FDIC sues WaMu execs and their wives,Puget Sound Business Journal -

http://www.bizjournals.com/seattle/blog/2011/03/fdic-files-lawsuit-agains-wamu-execs.html?ana=twt
by Kirsten Grind ,Date: Thursday, March 17, 2011, 9:05am PDT - Last Modified: Thursday, March 17, 2011, 2:28pm PDT,   Puget Sound Business Journal

The Federal Deposit Insurance Corp. filed suit against former executives of Washington Mutual, including former CEO Kerry Killinger, former President Steve Rotella, and their wives, in a case that seeks to recover unspecified damages at trial.

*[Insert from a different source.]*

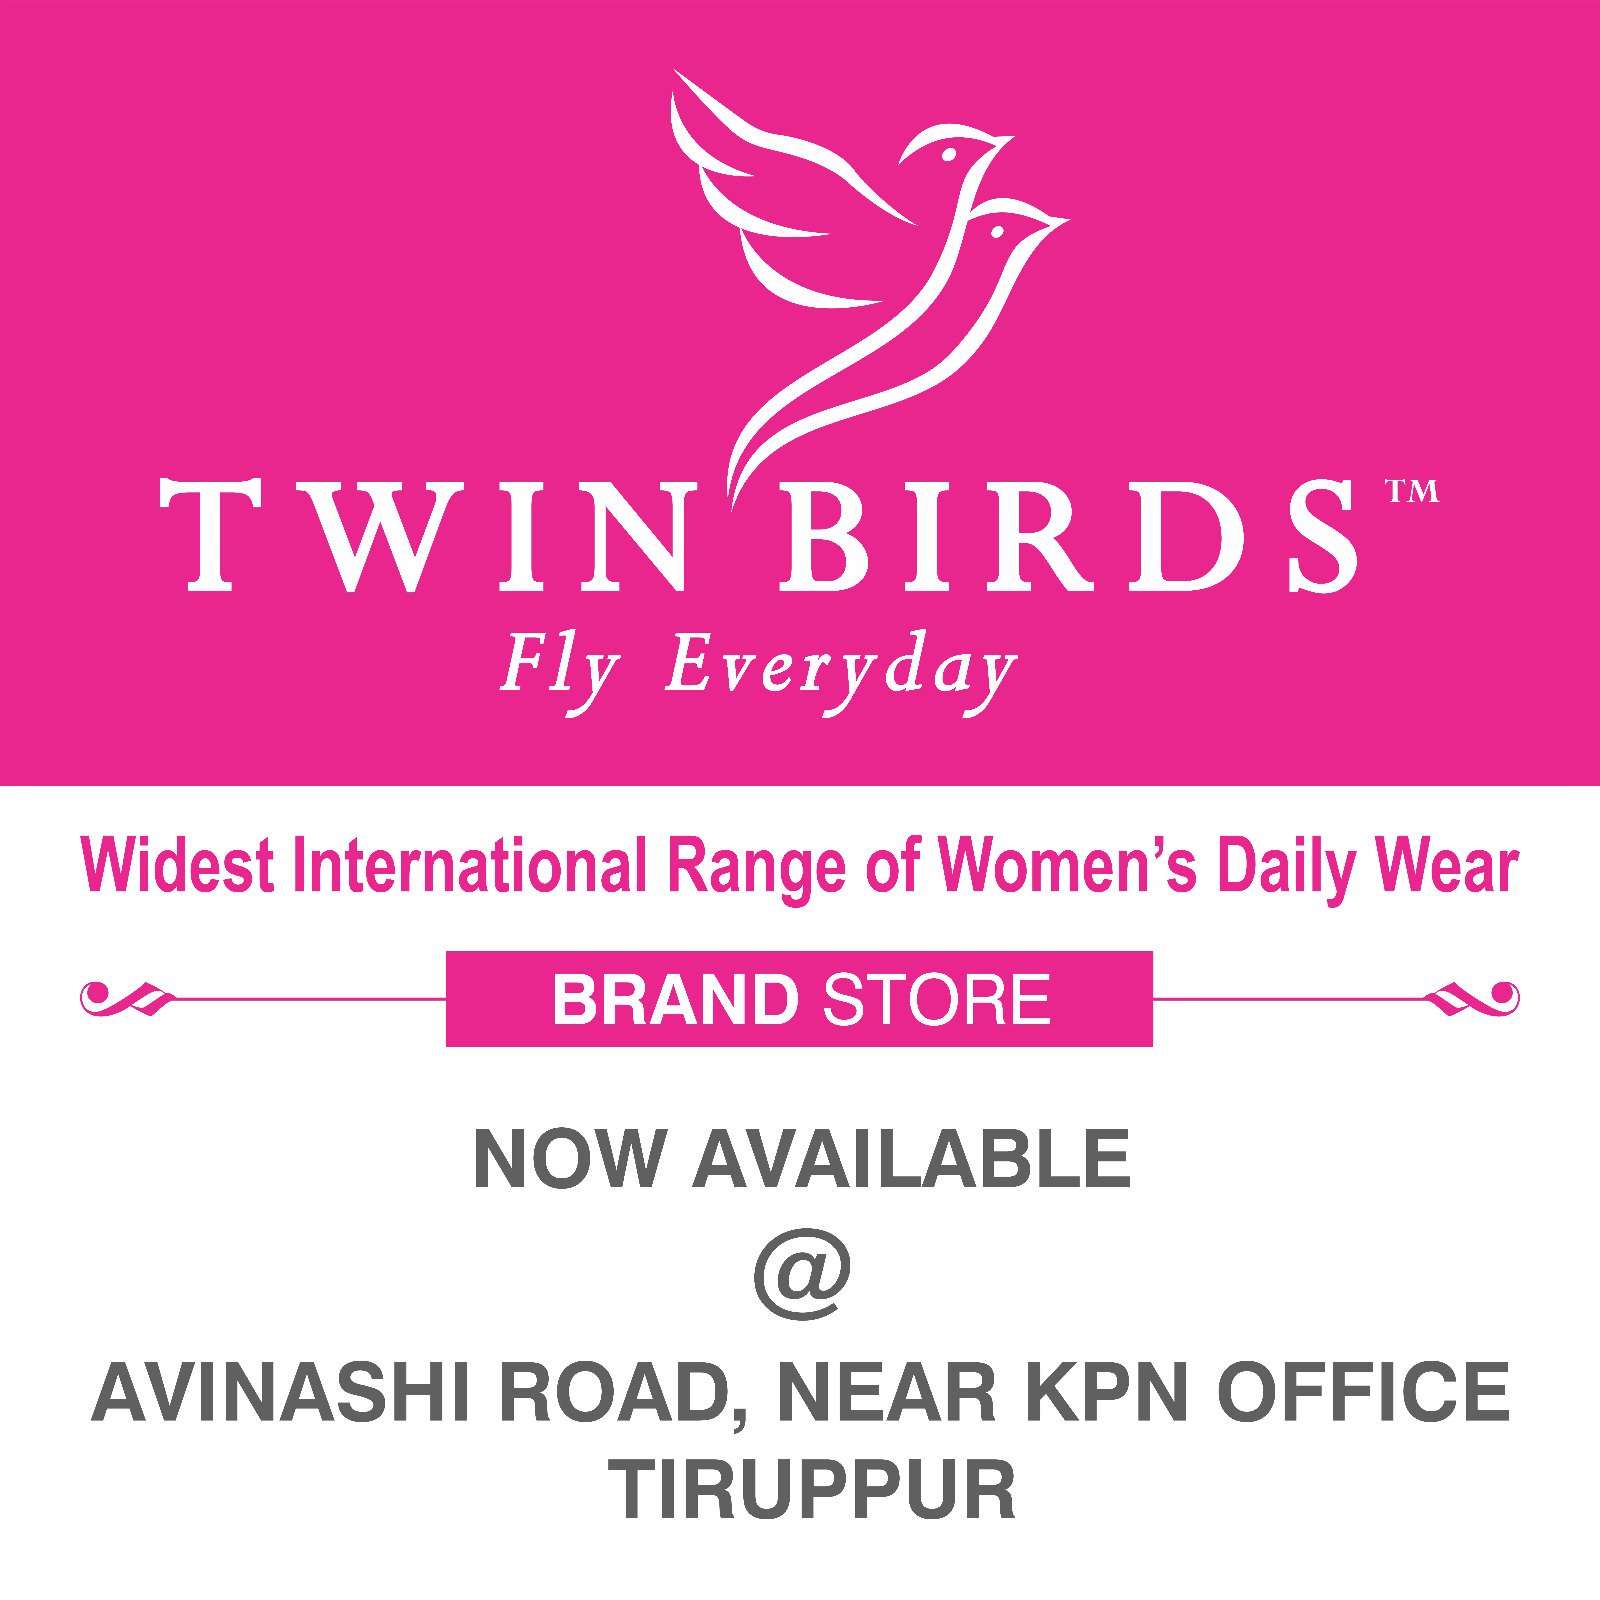 Twin Birds Online - Be your 'best-dressed self' wherever you go

The suit, filed in the U.S. District Court in Western Washington, also seeks to freeze the estates of the Killingers and Rotellas. It also names David Schneider, the former head of WaMu's home loans division, who now works at JPMorgan Chase.

Earlier, the FDIC said it would seek $1 billion in damages, but the amount wasn't specified in the suit.

In its 63-page complaint, the FDIC said that it’s suing the former, “highly-paid” WaMu executives to hold them responsible for losses in WaMu’s mortgage division. WaMu was closed by the federal Office of Thrift Supervision and its assets turned over to the FDIC in September 2008, marking the largest bank failure in U.S. history.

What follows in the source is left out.